# Forum Argomenti di discussione Auto & autocarri  Automobile/Cespiti/Studi di Settore

## giorgio67

Buongiorno a tutti, chiedo il vostro aiuto per una questione: 
Premesso che una ditta individuale il 31/07/2007 ha acquistato una autovettura del valore di 30.000+iva(6000) e che la relativa fattura è stata registrata nel registro Iva acquisti e che quindi è stata portata in detrazione il 40% dell'iva (2400euro), premesso tutto ciò:
1) Il costo dell'automobile *deve* essere inserito obbligatoriamente tra i costi e tra i cespiti? oppure posso registrare la fattura ai fini iva e non inserirla tra costi e cespiti?
2)Ai fini degli studi di settore nel rigo f29 vanno inseriti i beni strumentali, quindi: se è obbligatorio inserire detta autovettura tra i costi, sono anche costretto a inserirla in questo rigo, altrimenti no, corretto?
3) nel caso in cui l'autovettura sia da inserire tra i costi, nel rigo *F29 quale valore va inserito*? il valore dell'auto, il valore dell'auto più iva, il valore massimo deducibile (18.076) dell'auto, il valore dell'auto pro quota per i giorni di utilizzo, il 40% del valore dell'auto...?
grazie mille in anticipo

----------


## danilo sciuto

1) Il costo dell'automobile deve essere inserito obbligatoriamente tra i costi e tra i cespiti.
2) Ai fini degli studi di settore nel rigo f29 vanno inseriti i beni strumentali, quindi anche l'auto
3) va inserito il valore massimo deducibile (alias fiscalmente riconosciuto) dell'auto. 
ciao       

> Buongiorno a tutti, chiedo il vostro aiuto per una questione: 
> Premesso che una ditta individuale il 31/07/2007 ha acquistato una autovettura del valore di 30.000+iva(6000) e che la relativa fattura è stata registrata nel registro Iva acquisti e che quindi è stata portata in detrazione il 40% dell'iva (2400euro), premesso tutto ciò:
> 1) Il costo dell'automobile *deve* essere inserito obbligatoriamente tra i costi e tra i cespiti? oppure posso registrare la fattura ai fini iva e non inserirla tra costi e cespiti?
> 2)Ai fini degli studi di settore nel rigo f29 vanno inseriti i beni strumentali, quindi: se è obbligatorio inserire detta autovettura tra i costi, sono anche costretto a inserirla in questo rigo, altrimenti no, corretto?
> 3) nel caso in cui l'autovettura sia da inserire tra i costi, nel rigo *F29 quale valore va inserito*? il valore dell'auto, il valore dell'auto più iva, il valore massimo deducibile (18.076) dell'auto, il valore dell'auto pro quota per i giorni di utilizzo, il 40% del valore dell'auto...?
> grazie mille in anticipo

----------


## en.77

Sono d'accordo su tutto con Danilo ma se non sbaglio il punto 3 andrebbe integrato dicendo che negli studi di settore il valore andrebbe ragguagliato ai giorni di possesso.

----------


## giorgio67

grazie, gentilissimi.
le istruzioni dello studio di settore dicono di rapportare il valore ai giorni di possesso. Mi rimane un unico dubbio: qual'è il valore massimo deducibile (alias fiscalmente riconosciuto): i 18.076 o quale altro? grazie  :Roll Eyes (Sarcastic):

----------


## danilo sciuto

> Sono d'accordo su tutto con Danilo ma se non sbaglio il punto 3 andrebbe integrato dicendo che negli studi di settore il valore andrebbe ragguagliato ai giorni di possesso.

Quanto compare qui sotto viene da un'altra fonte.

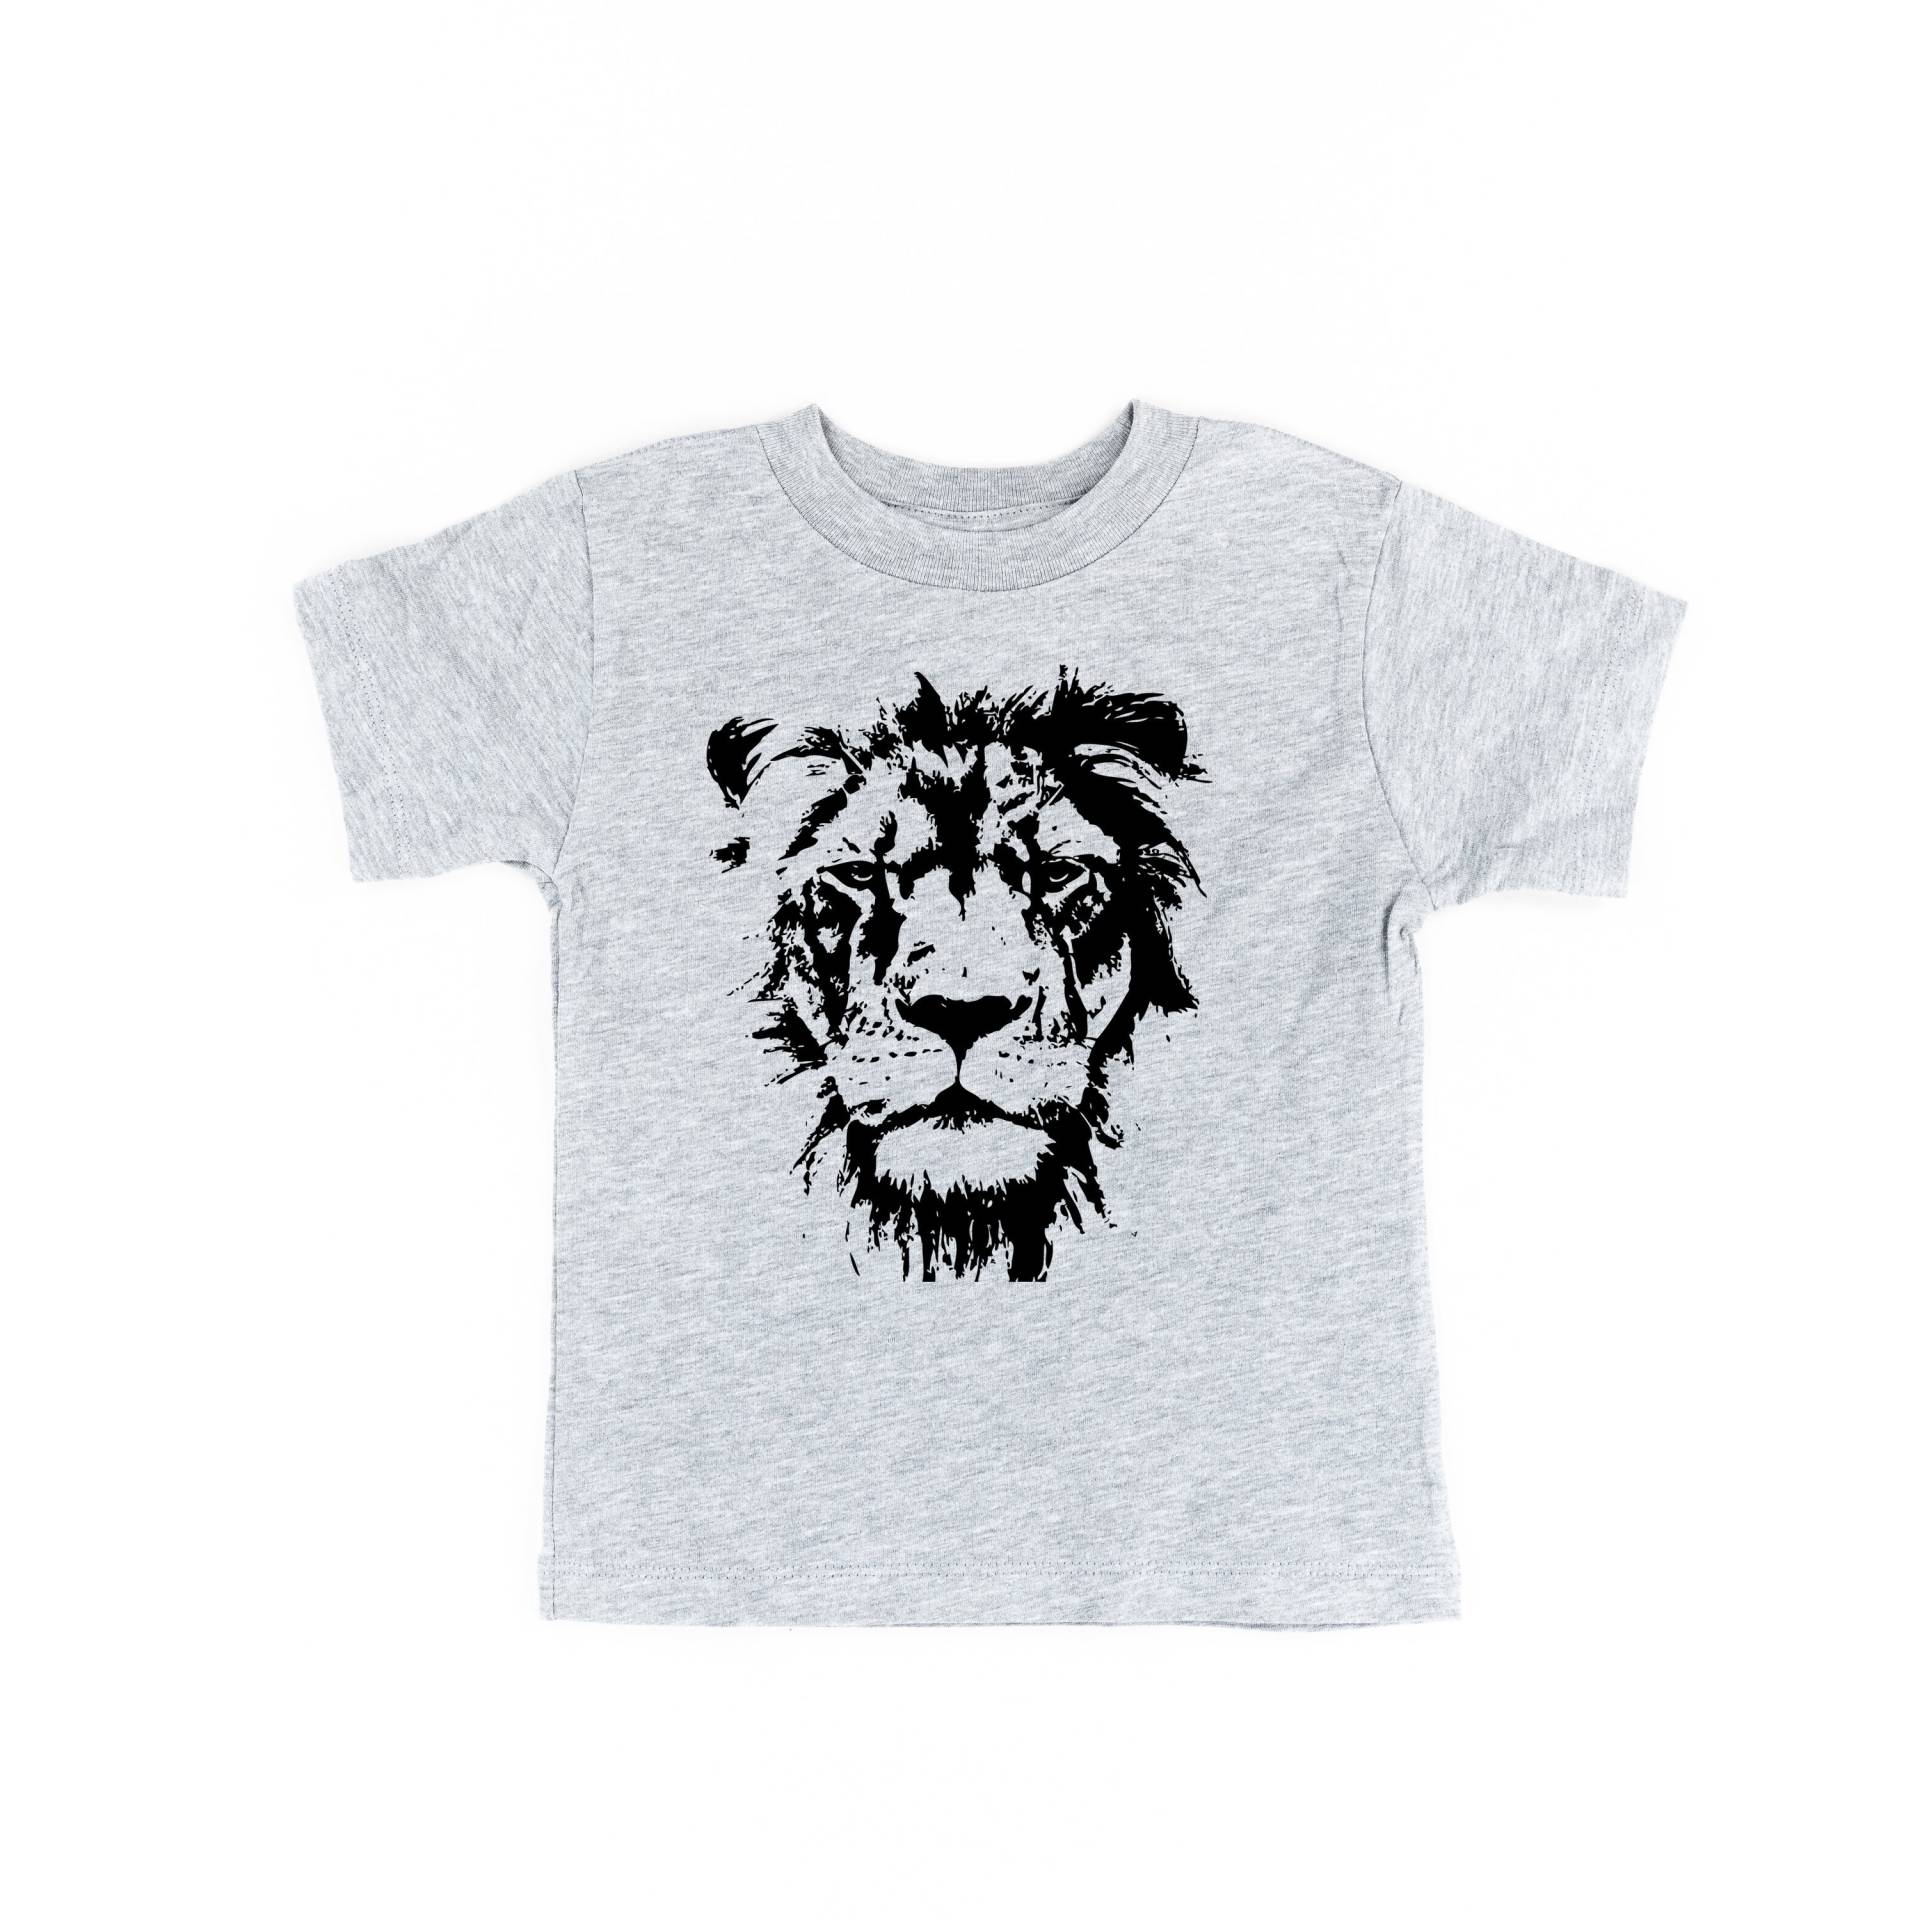 Löwe - Kindershirt | Kleinkind Shirt Littler Girl Junge Zoo Shirts Für Den Kinder Tees von LittleMamaShirtShop

  E' verissimo, hai ragione.
Grazie per la precisazione. 
ciao

----------


## lp1979

> Mi rimane un unico dubbio: qual'è il valore massimo deducibile (alias fiscalmente riconosciuto): i 18.076 o quale altro? grazie

  Ciao a tutti!
Riprendo questo vecchio post perchè nessuno ha risposto a *giorgio67* e perchè la cosa interessa anche me.
Secondo me il valore da inserire nello studio di settore è 7.230,40 (40% di 18.075,99). Voi che dite?

----------


## danilo sciuto

> Ciao a tutti!
> Riprendo questo vecchio post perchè nessuno ha risposto a *giorgio67* e perchè la cosa interessa anche me.
> Secondo me il valore da inserire nello studio di settore è 7.230,40 (40% di 18.075,99). Voi che dite?

  Dico che se hai letto con attenzione avrai visto che alla domanda è stata già data risposta.  :Roll Eyes (Sarcastic):

----------


## lp1979

Allora riformulo...
Qual è il valore massimo deducibile (alias fiscalmente riconosciuto)? 7.230,40 (ovviamente in riferimento a questo caso)?

----------


## giovanni.ar.

Dott. Danilo, al punto 3: "va inserito il valore massimo deducibile (alias fiscalmente riconosciuto) dell'auto"

----------


## lp1979

Infatti se vedi sopra ho riformulato la mia domanda...

----------


## shailendra

> Infatti se vedi sopra ho riformulato la mia domanda...

  Nella domanda c'è già la risposta, che era già nei post precedenti. Comunque, per chiarezza, l'importo massimo deducibile, che è anche quello che va inserito nel rigo degli ss, è 7230,10

----------


## lp1979

> Nella domanda c'è già la risposta, che era già nei post precedenti.

  Boh, mi sarò rintronato, non riesco proprio a trovarla!!  :Confused:  Comunque grazie per il definitivo chiarimento!  :Smile:

----------